Tuberc Respir Dis > Volume 55(4); 2003 > Article
Tuberculosis and Respiratory Diseases 2003;55(4):353-360.
DOI: https://doi.org/10.4046/trd.2003.55.4.353    Published online October 1, 2003.
Pleural Fluid Analysis in Tuberculous Pleurisy Progressing into Severe Pleural Thickening Underwent Pleural Decortication.
Jae Ho Chung, Moo Suk Park, Se Kyu Kim, Joon Chang, Kyung Young Chung, Sung Kyu Kim, Young Sam Kim
1Department of Internal Medicine, Yonsei University College of Medicine, Seoul, Korea. ysamkim@yumc.yonsei.ac.kr
2Department of Cardiovascular and Thoracic Surgery, Yonsei University College of Medicine, Seoul, Korea.
3The Institute of Chest Diseases, Yonsei University College of Medicine, Seoul, Korea.

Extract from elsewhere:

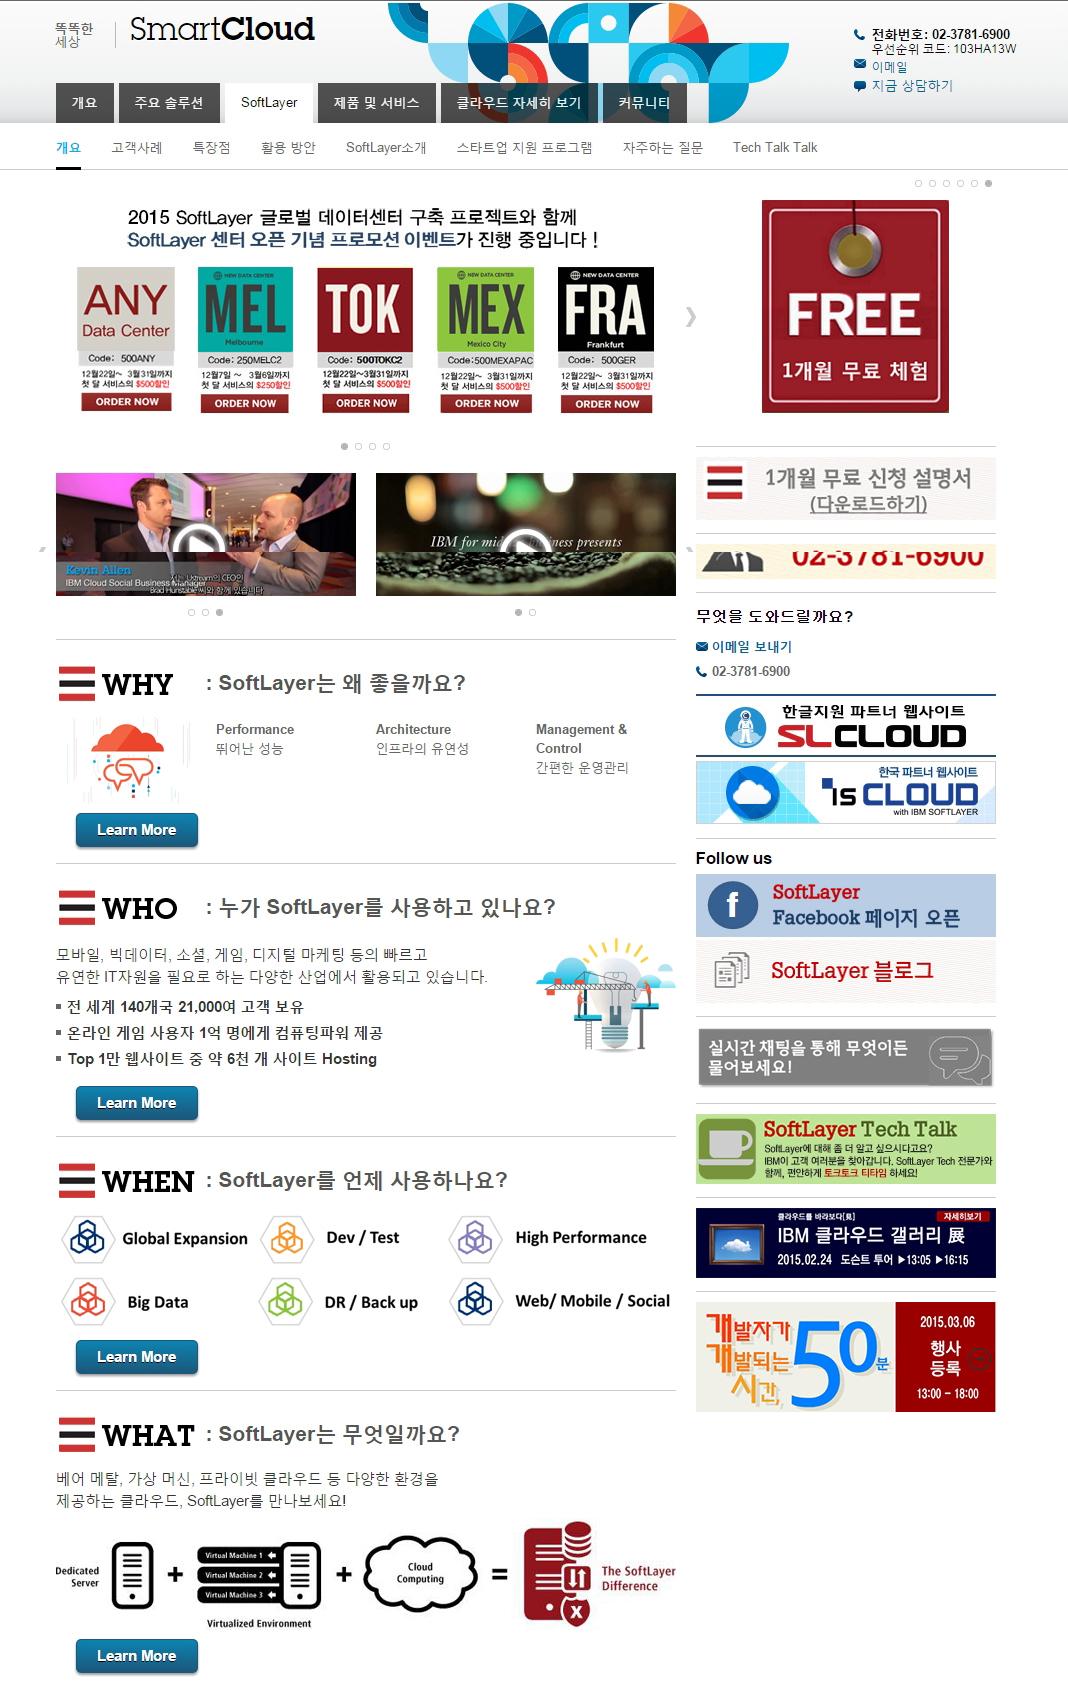 SoftLayer IBM Korea

4Brain Korea 21 Project for Medical Sciences, Yonsei University College of Medicine, Seoul, Korea.
Abstract
BACKGROUND
Although most patients with tuberculous pleurisy respond well to anti-tuberculous drugs, some are known to progress into severe pleural thickening which needs decortication despite adequate anti-tuberculous treatment. Therefore, the purpose of this study was to identify factors associated with the development of severe pleural thickening in patients who finally underwent pleural decortication in tuberculous pleurisy. PATIENTS AND METHODS: From retrospective medical records review, 121 patients initially diagnosed as tuberculous pleurisy without initial pleural fluid loculation were enrolled between January 1998 and December 2002. They were separated into two groups: 85 patients in group 1 who improved by anti-tuberculous drugs only, and 36 patients in group 2 who had progressed into pleural adhesion and finally underwent pleural decortication despite adequate (more than 6 months) anti-tuberculous treatment. RESULTS: Males were more common in group 2 (M/F=31/5) than in group 1 (M/F=53/32) (p=0.010). Group 2 patients tended to have lower pleural fluid glucose level (58+/-4 mg/dL) than group 1 (89+/-3 mg/dL) (p=0.001) and higher pleural fluid adenosine deaminase level (86+/-5 IU/L) than group 1 (76+/-3 IU/L), (p=0.038). There were no significant differences in age, symptom duration, pleural fluid amount, or pleural fluid LDH level between groups 1 and 2. CONCLUSIONS: There was a relative risk of tuberculous pleurisy progression into severe pleural thickening which needed decortication in the case of male patients, low pleural fluid glucose or high adenosine deaminase level. But further, large-scale, prospective studies should be investigated.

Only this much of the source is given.